A new report by Immunefi has analyzed the top payments in response to ransomware attacks.
The largest ransomware payment — where an organization pays to have their software freed from a malware attack — was by CNA Financial. The Chicago-based firm paid $40m to a Russia-based hacker group.
Ransomware hijacks and encrypts software on a device or network, only relinquishing control when a ransom has been paid.
JBS, a global food company, was also hit by a ransomware attack from Russia. They paid a total of $11m. CWT, a travel group based in Minneapolis, and Brenntag, a chemical distribution company, paid around four and a half million dollars. A different strain of ransomware hit all the top four payments.
The top ten ransom payments amounted to nearly $70m in BTC, according to the report.
Large organizations are often prime targets for ransomware attacks. The disruption of their systems can devastate them, making them more prone to paying a ransom. The report also shows that many ransomware hacker groups originate from Russia or North Korea.
All of the ransomware attacks in the report were paid in Bitcoin, representing $69,316,140 in ransom payments.

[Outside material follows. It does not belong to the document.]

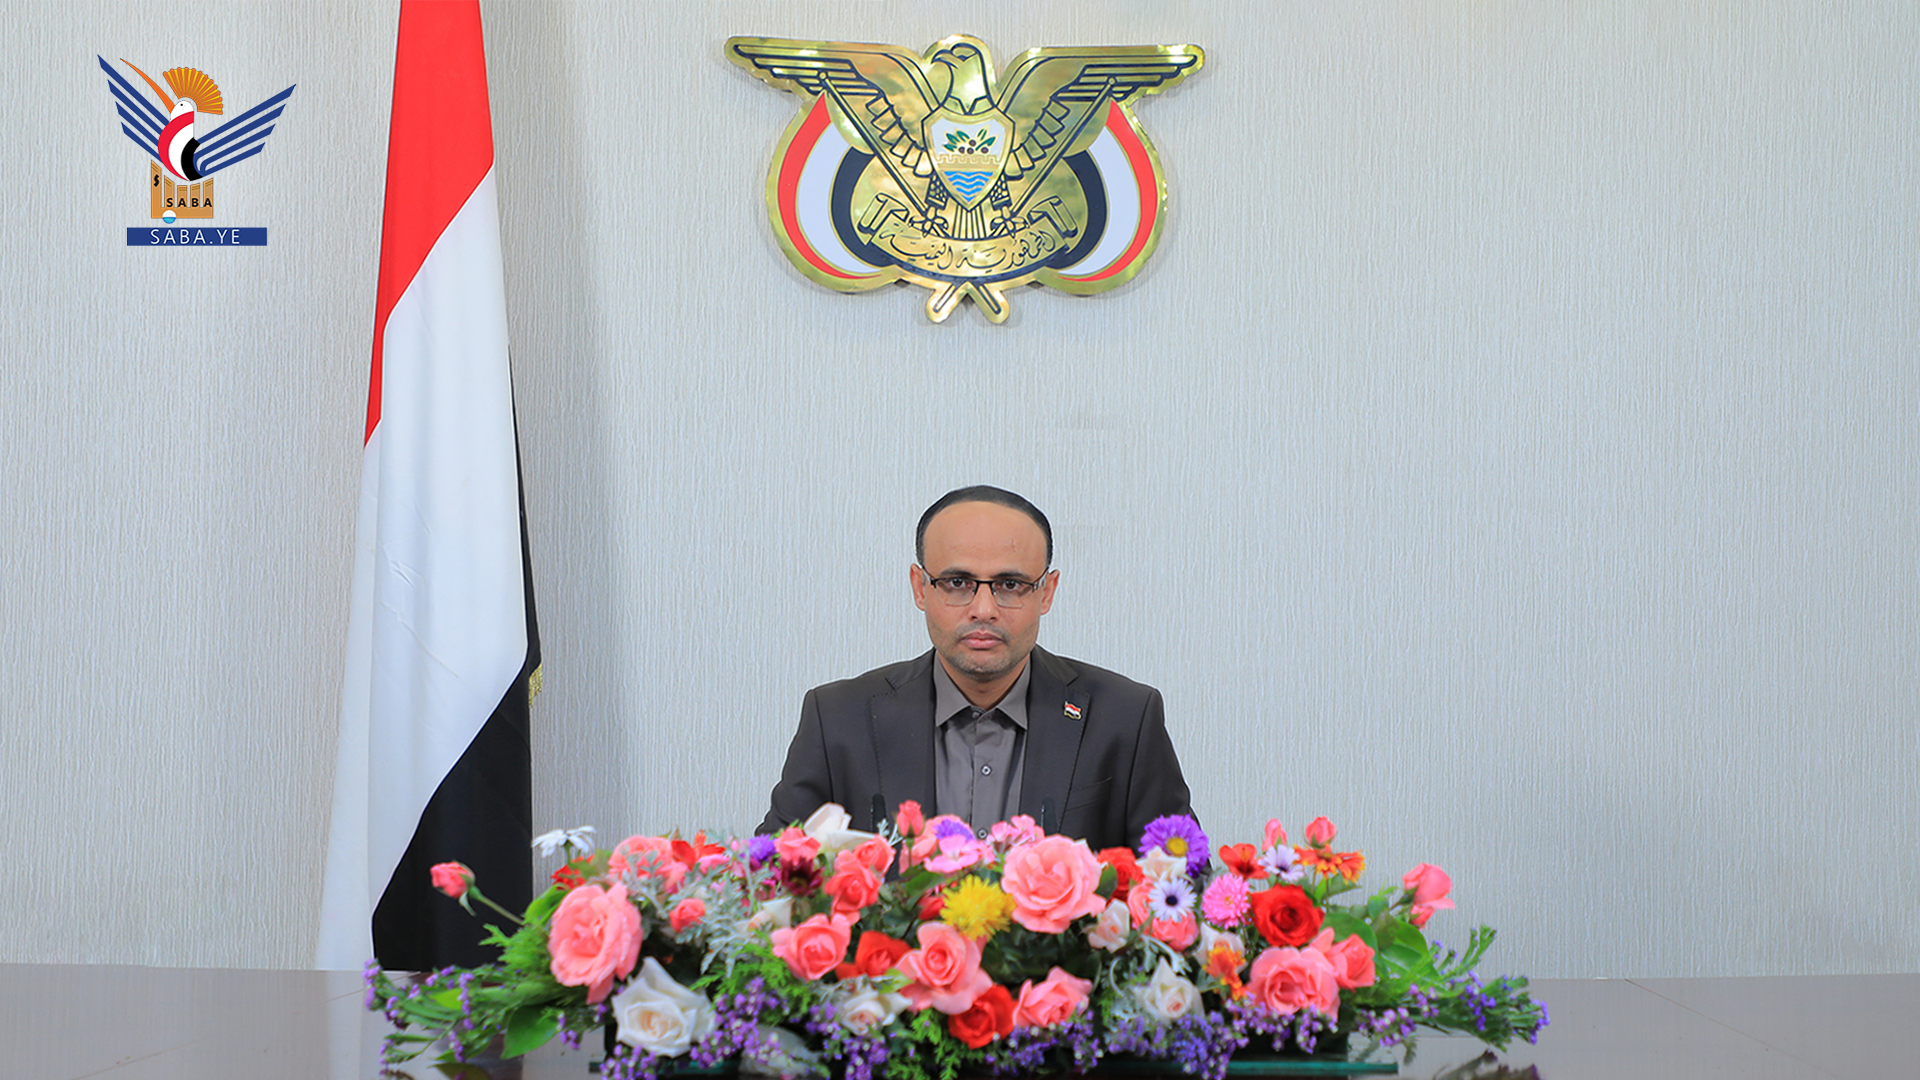 El presidente Al-Mashat pronuncia un importante discurso con motivo del 33.º aniversario del establecimiento de la unidad yemeníta

In the legacy banking system, wire transfers of such amounts would be challenging. This represents one of the downsides of Bitcoin’s decentralization, accessibility, and anonymity. Globally, Bitcoin accounts for 98% of all ransomware payments.
Victims Are Paying Less to Hacker Groups
However, a recent report by Chainalysis shows that victims of ransomware attacks are increasingly refusing to pay.
Speaking to BeInCrypto, Adrian Hetman, Tech Lead of the triaging team at Immunefi, says that the number of ransomware attacks has not fallen that much. “What has fallen is the number of payments that companies are making. We’ve seen a massive drop of ransomware payments since 2019. However, we may potentially see new strains of ransomware appearing in the wild, or the creation of new RaaS [Ransomware as a Service] services.
“It’s always a game of cat and mouse with cyber criminals, and it’s hard to predict how it will play out in the next 3-6 months since the ecosystem moves so quickly.”
There are a variety of ways to fight back against ransomware attacks. These include up-to-date antivirus software, vigilance against phishing attacks, and regular backup of crucial information.
BeInCrypto has reached out to company or individual involved in the story to get an official statement about the recent developments, but it has yet to hear back.